Superstatistics is a branch of statistical mechanics or statistical physics devoted to the study of non-linear and non-equilibrium systems. It is characterized by using the superposition of multiple differing statistical models to achieve the desired non-linearity. In terms of ordinary statistical ideas, this is equivalent to compounding the distributions of random variables and it may be considered a simple case of a doubly stochastic model.
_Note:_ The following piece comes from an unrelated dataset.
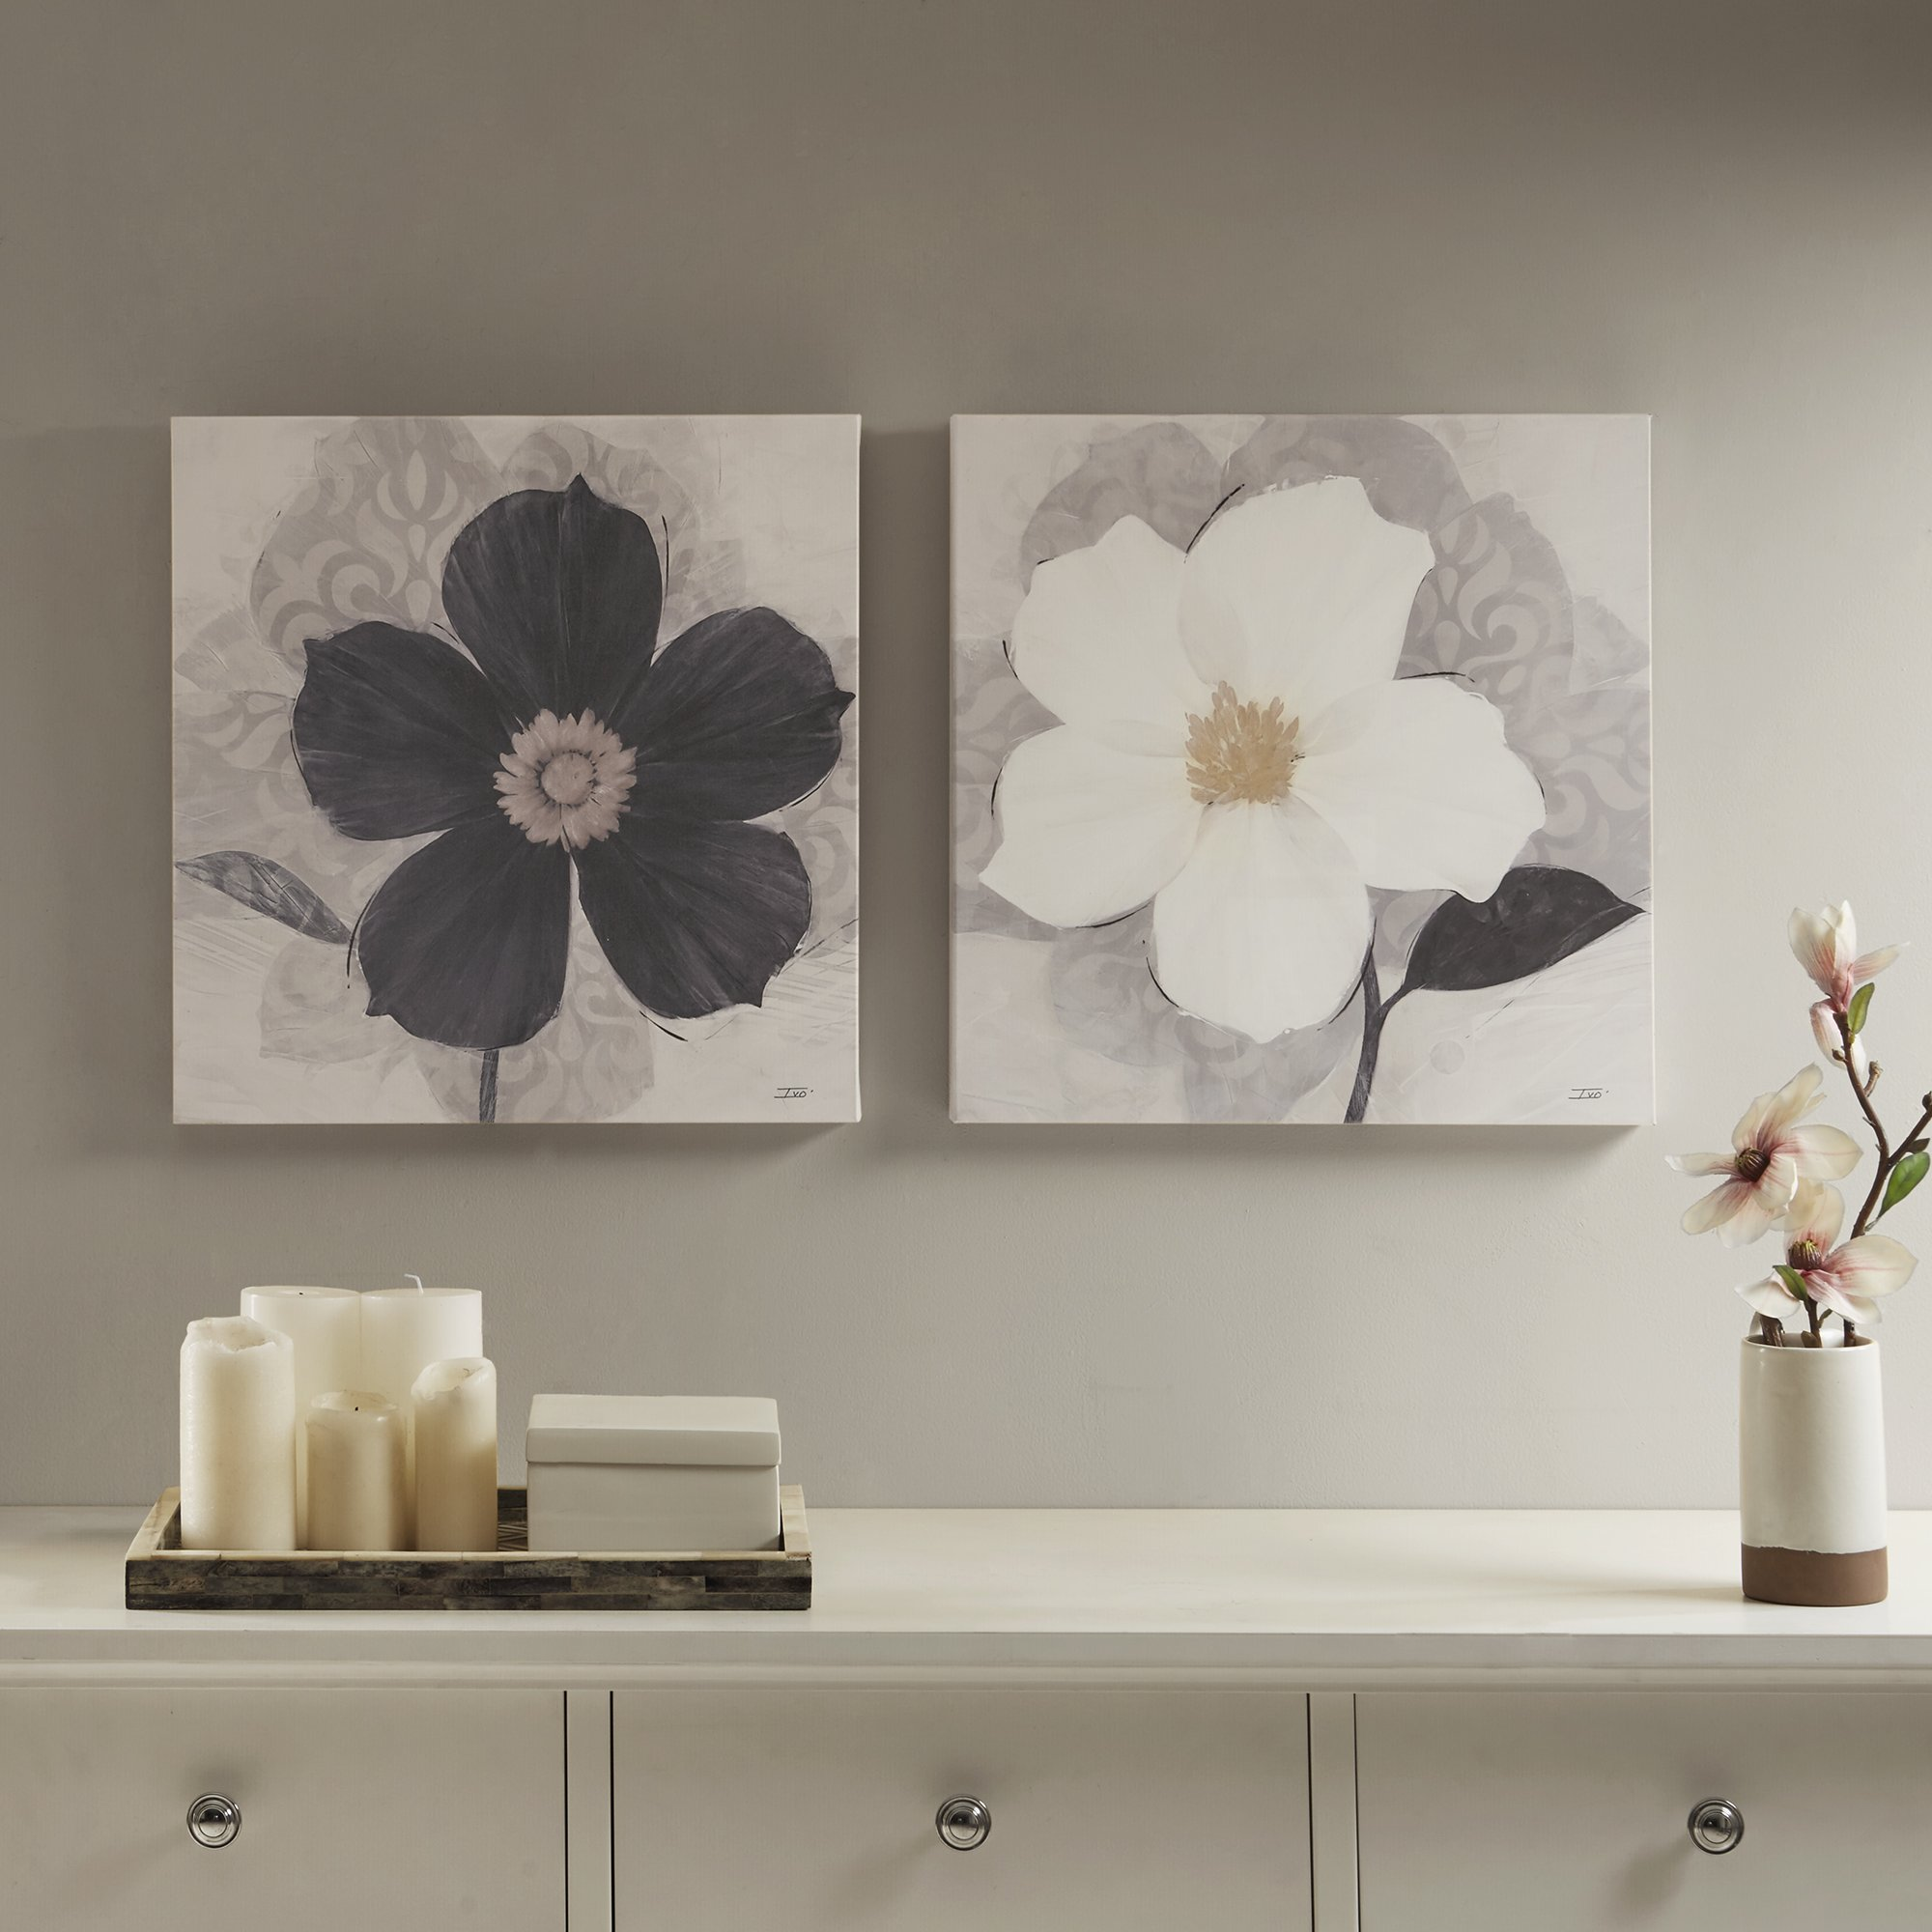 Décor 5 Printed Canvas Set - 2 Pieces, 18'' x 18'' - Blooms Floral - Black and White Flower

Consider an extended thermodynamical system which is locally in equilibrium and has a Boltzmann distribution, that is the probability of finding the system in a state with energy $E$ is proportional to $\exp(-\beta E)$. Here $\beta$ is the local inverse temperature. A non-equilibrium thermodynamical system is modeled by considering macroscopic fluctuations of the local inverse temperature. These fluctuations happen on time scales which are much larger than the microscopic relaxation times to the Boltzmann distribution. If the fluctuations of $\beta$ are characterized by a distribution $f(\beta)$, the superstatistical Boltzmann factor of the system is given by

$B(E)=\int_0^\infty d\beta f(\beta)\exp(-\beta E).$

This defines the superstatistical partition function
$Z = \sum_{i=1}^W B(E_i)$
for system that can assume discrete energy states $\{E_i\}_{i=1}^W$. The probability of finding the system in state $E_i$ is then given by

$p_i=\frac{1}{Z}B(E_i).$

Modeling the fluctuations of $\beta$ leads to a description in terms of statistics of Boltzmann statistics, or "superstatistics". For example, if $\beta$ follows a Gamma distribution, the resulting superstatistics corresponds to Tsallis statistics. Superstatistics can also lead to other statistics such as power-law distributions or stretched exponentials. One needs to note here that the word super here is short for superposition of the statistics.

This branch is highly related to the exponential family and Mixing. These concepts are used in many approximation approaches, like particle filtering (where the distribution is approximated by delta functions) for example.